BIM Cost Estimation with DDC CWICR
Generate accurate cost estimates from BIM models using AI classification and the DDC CWICR construction cost database.
Business Case
Problem: Traditional cost estimation:
- Manual and time-consuming (weeks for detailed estimate)

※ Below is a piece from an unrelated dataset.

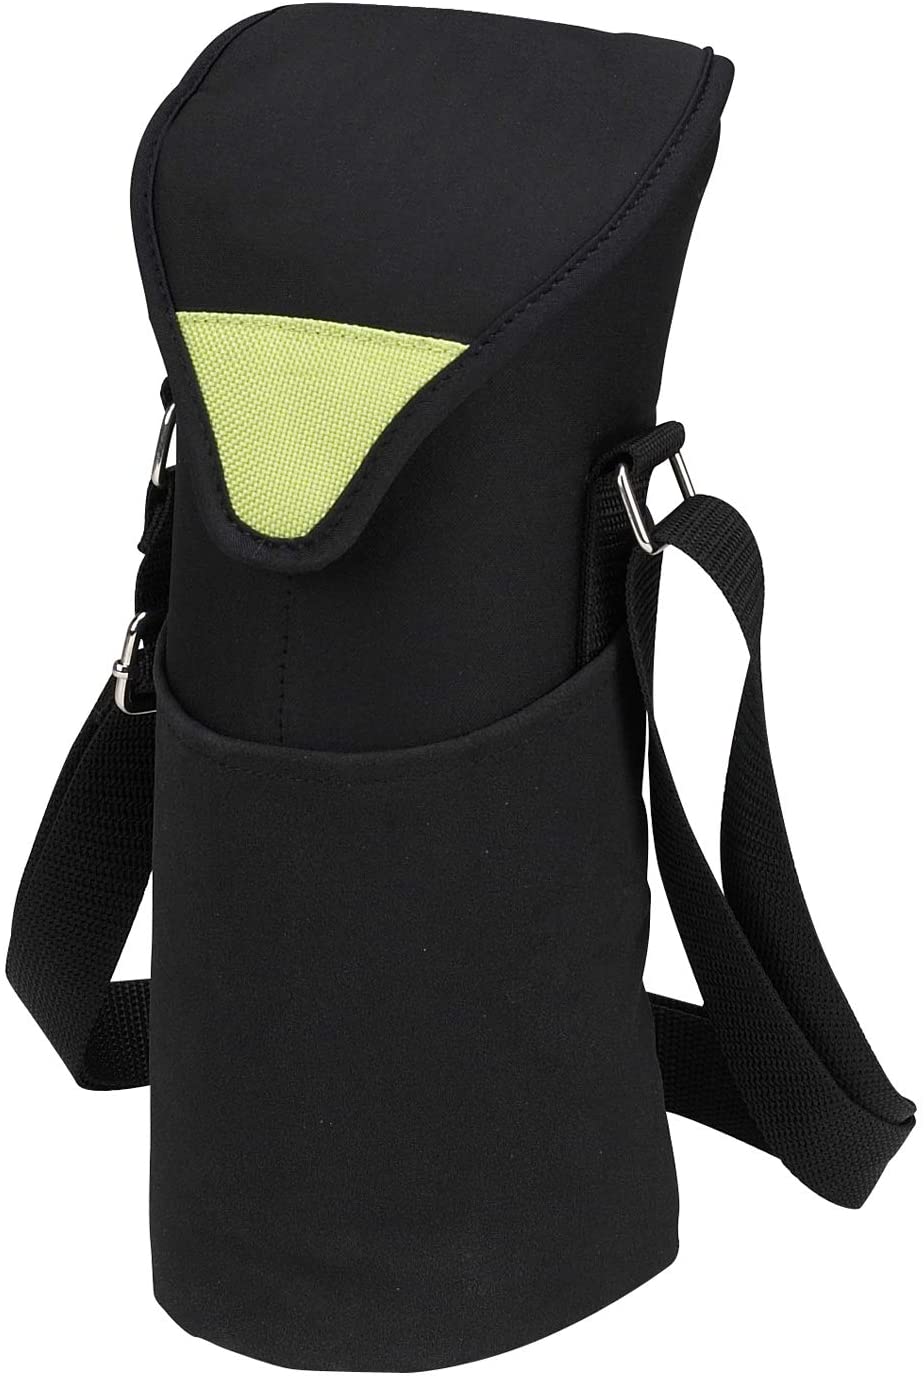 (D) Single Bottle Cooler Tote, Picnic Backpack Bag for Outdoor (Black Green)

- Subjective and inconsistent between estimators
- Requires specialized knowledge
- Difficult to update with design changes
Solution: Automated BIM-to-cost pipeline:
- Extract quantities directly from model
- AI classifies elements to work items
- Vector search finds matching prices in CWICR
- Complete estimate in hours, not weeks
ROI: 80% reduction in estimation time, consistent methodology
System Architecture
┌──────────────────────────────────────────────────────────────────────────┐
│ BIM TO COST ESTIMATION PIPELINE │
├──────────────────────────────────────────────────────────────────────────┤
│ │
│ ┌─────────┐ ┌─────────┐ ┌─────────┐ ┌─────────────────┐ │
│ │ BIM │ │ DDC │ │ AI │ │ DDC CWICR │ │
│ │ Model │────►│Converter│────►│ LLM │────►│ Vector Search │ │
│ │.rvt/.ifc│ │ │ │ │ │ (Qdrant) │ │
│ └─────────┘ └─────────┘ └─────────┘ └─────────────────┘ │
│ │ │ │ │
│ ▼ ▼ ▼ │
│ ┌─────────┐ ┌─────────┐ ┌──────────┐ │
│ │ .xlsx │ │ Work │ │ Matched │ │
│ │ QTO │ │ Items │ │ Rates │ │
│ └─────────┘ └─────────┘ └──────────┘ │
│ │ │ │ │
│ └──────────────┼────────────────────┘ │
│ ▼ │
│ ┌─────────────────┐ │
│ │ COST ESTIMATE │ │
│ │ │ │
│ │ • By element │ │
│ │ • By trade │ │
│ │ • By phase │ │
│ │ • Resources │ │
│ └─────────────────┘ │
│ │
└──────────────────────────────────────────────────────────────────────────┘
DDC CWICR Database
Database Overview:
work_items: 55,719
resources: 27,672
languages: 9 (AR, DE, EN, ES, FR, HI, PT, RU, ZH)
fields_per_item: 85
embedding_model: text-embedding-3-large (3072d)
vector_db: Qdrant
Collections:
- ddc_cwicr_ar # Arabic (Dubai prices)
- ddc_cwicr_de # German (Berlin prices)
- ddc_cwicr_en # English (Toronto prices)
- ddc_cwicr_es # Spanish (Barcelona prices)
- ddc_cwicr_fr # French (Paris prices)
- ddc_cwicr_hi # Hindi (Mumbai prices)
- ddc_cwicr_pt # Portuguese (São Paulo prices)
- ddc_cwicr_ru # Russian (St. Petersburg prices)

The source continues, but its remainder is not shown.